Pianist Jeanne Golan has specialized in the music of composers who perished in the Holocaust, and there are some of those here, by Erwin Schulhoff. The "Works of Contemporary and Recovered Voices" subtitle suggests a dual theme, and it might seem that the Holocaust-related works are an uneasy fit with the contemporary takes on the tango that make up the rest of the program. Actually, though, the two sides of Golan's album go together persuasively, for the tango certainly fell under the Nazi category of Entartete Musik, and the tango art form has not lost any of its edge. Golan has unearthed some gems here. There's a delightful Reverie d'automne, Op. 6, of Wanda Landowska (persecuted by the Nazis, but successful in escaping), and a heavily jazz-inflected Tanzsuite, Op. 20, of Wilhelm Grosz, who also fled and succeeded, as Hugh Williams, as an American popular composer. The Schulhoff Five Etudes de Jazz are remarkable in the degree to which they stretch popular materials in truly avant-garde directions, and they form a bridge with the contemporary works by Pablo Ortiz, Eric Moe, Chester Biscardi (the title of whose Incitation to Desire is taken from disapproving language about the tango in the 1944 Grove Dictionary of Music), Theodore Wiprud, and Toby Twining. The latter's An American in Buenos Aires is delightfully arranged into a toy piano and conventional piano duet. Golan expertly teases out the varying levels of tango presence in these works, and her performance is as skillfully thought out as her program. An intriguing and fresh find for those interested in the popular impact on concert music, with fine sound from New York state's Oktaven Studio.

-- AllMusic Guide

This new disc is subtitled, “Works of Contemporary and Recovered Voices Composers”. Ms Golan has performed in Recovered Voices programs. Those concerts have music by composers persecuted (and sometimes murdered) by the Nazis. My reviews of 20th Century Foxtrots, Vol.1 & 2 included detailed information about the genesis of these dance and cafe songs written during the German Weimar period by German, Czech, and Viennese composers. In this recording, Ms Golan has selected tango and other cafe music written by three of these composers, Wanda Landowska, Wilhelm Grosz and Erwin Schulhoff. (Two selections are in 20 Century Foxtrots, Vol.1).
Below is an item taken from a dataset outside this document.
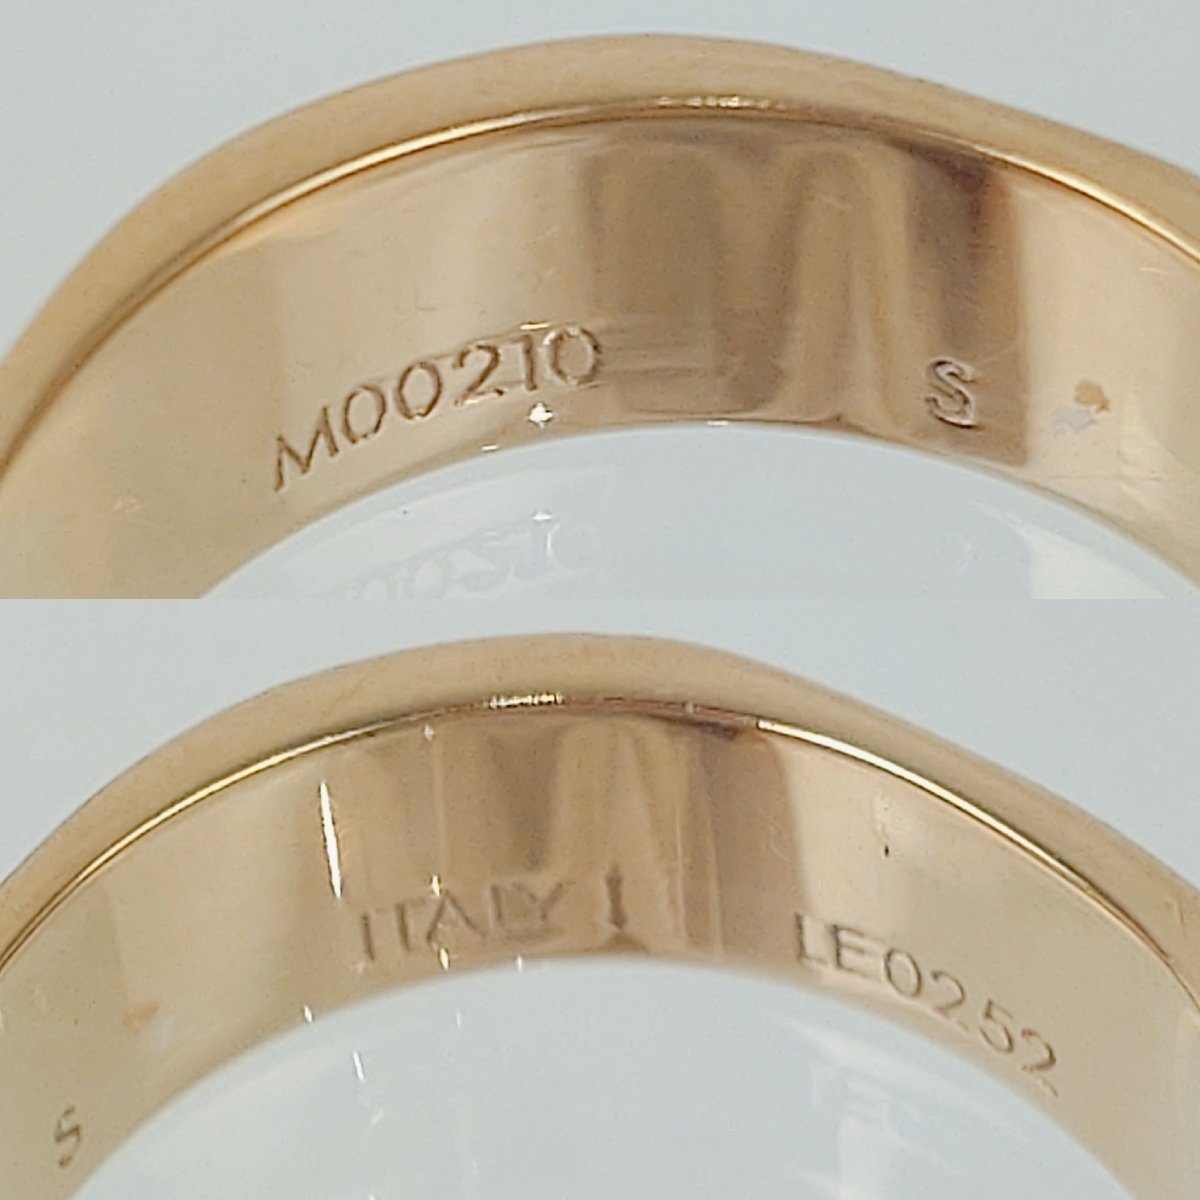 LOUIS VUITTON ring * nano gram M00210 ring Gold color box * cloth sack attaching Louis Vuitton LV ring 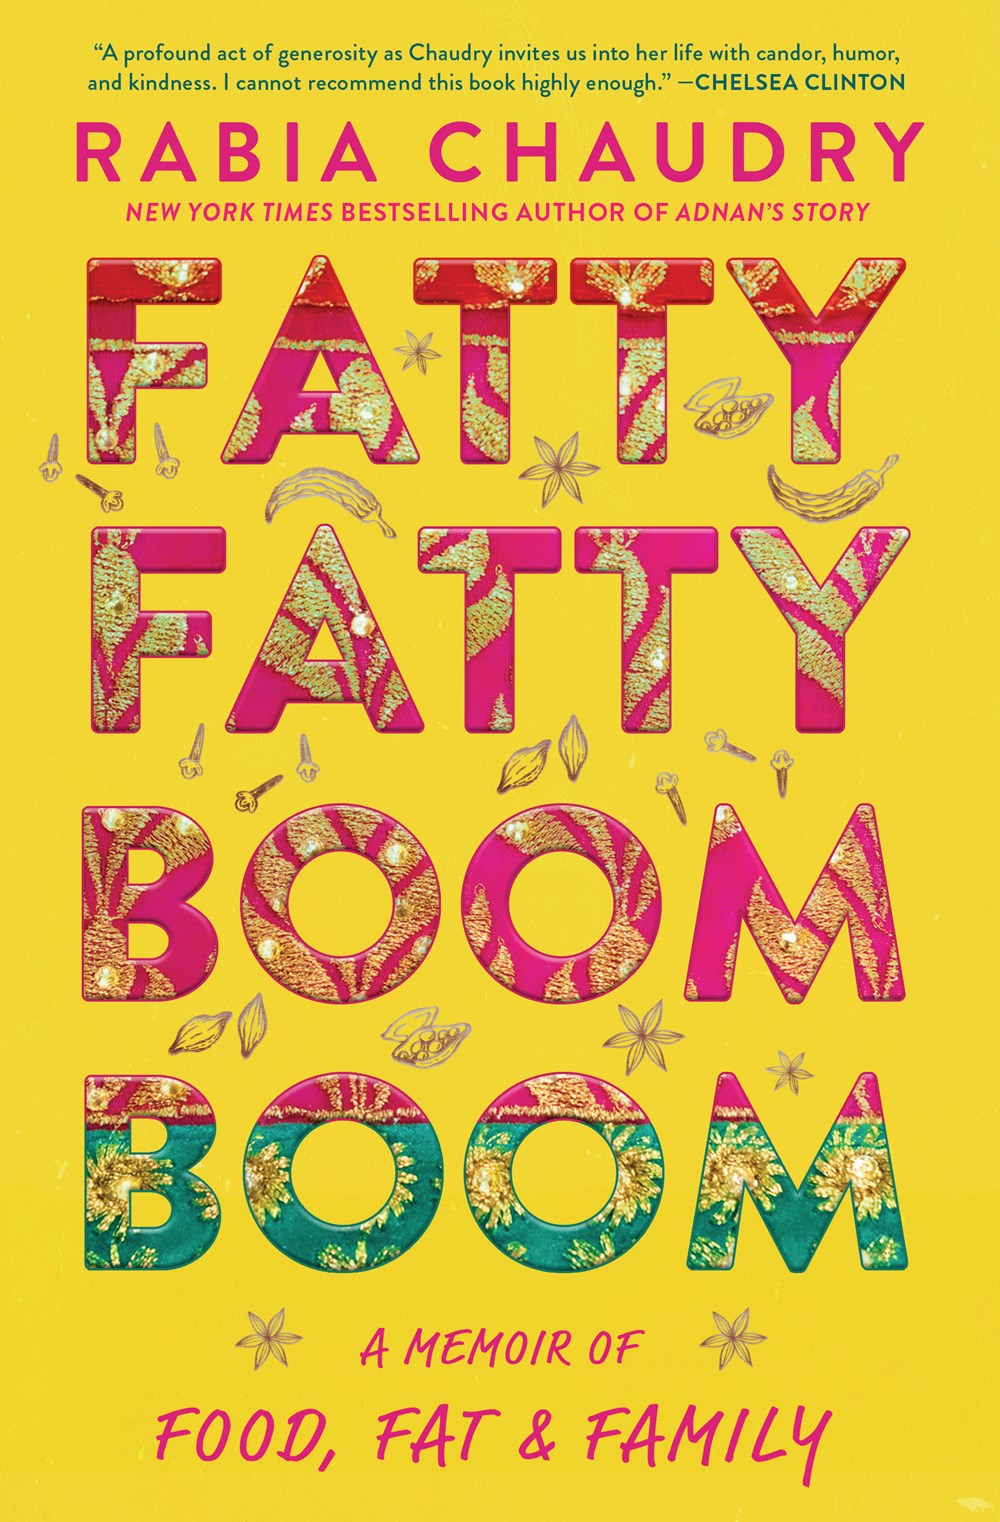 Fatty Fatty Boom Boom: A Memoir of Food, Fat, and Family

Landowska, mostly known as a harpsichordist, also composed music early in her career. She narrowly escaped the Nazis and left most of her compositions in Poland, thinking that she would soon return. Almost all that music was lost. This is the first recording of 'Reverie D’Automne', a melodic fantasia that hints at Tango rhythms. Grosz escaped from Germany, but later died in the US. His Tanzsuite 2 includes five rhythmically interesting dances: a seductive 'Tango', a lively 'Foxtrot', a romantic 'Boston', a lighthearted 'Shimmy', and an interesting combination of several dance types in the disorderly 'Quasi-Fivestep'. Schulhoff died in the Wurzburg concentration camp. His Etudes de Jazz includes five dances in more modernistic arrangements: 'Charleston', 'Blues', 'Chanson', 'Tango', and a 'Toccata sur le Shimmy' that is a playful version of 'Kitten on the Keys'. The contemporary composers approximate dance rhythms and are more idiosyncratic. They range from Pablo Ortiz’s alternately elegiac and nervous Three Pieces, Eric Moe’s meandering 'Laminar Flow in Upsidedown Creek', Chester Biscardi’s moody 'Incitation to the Dance' to Theodore Wipraud’s 'Pacita’s Lunch', whose jittery music is further emphasized by tapping on the piano case. The final selection, Toby Twining’s American in Buenos Aires uses hypnotic jazz and blues themes with gentle Tango rhythms. Ms Golan plays all the pieces with authority.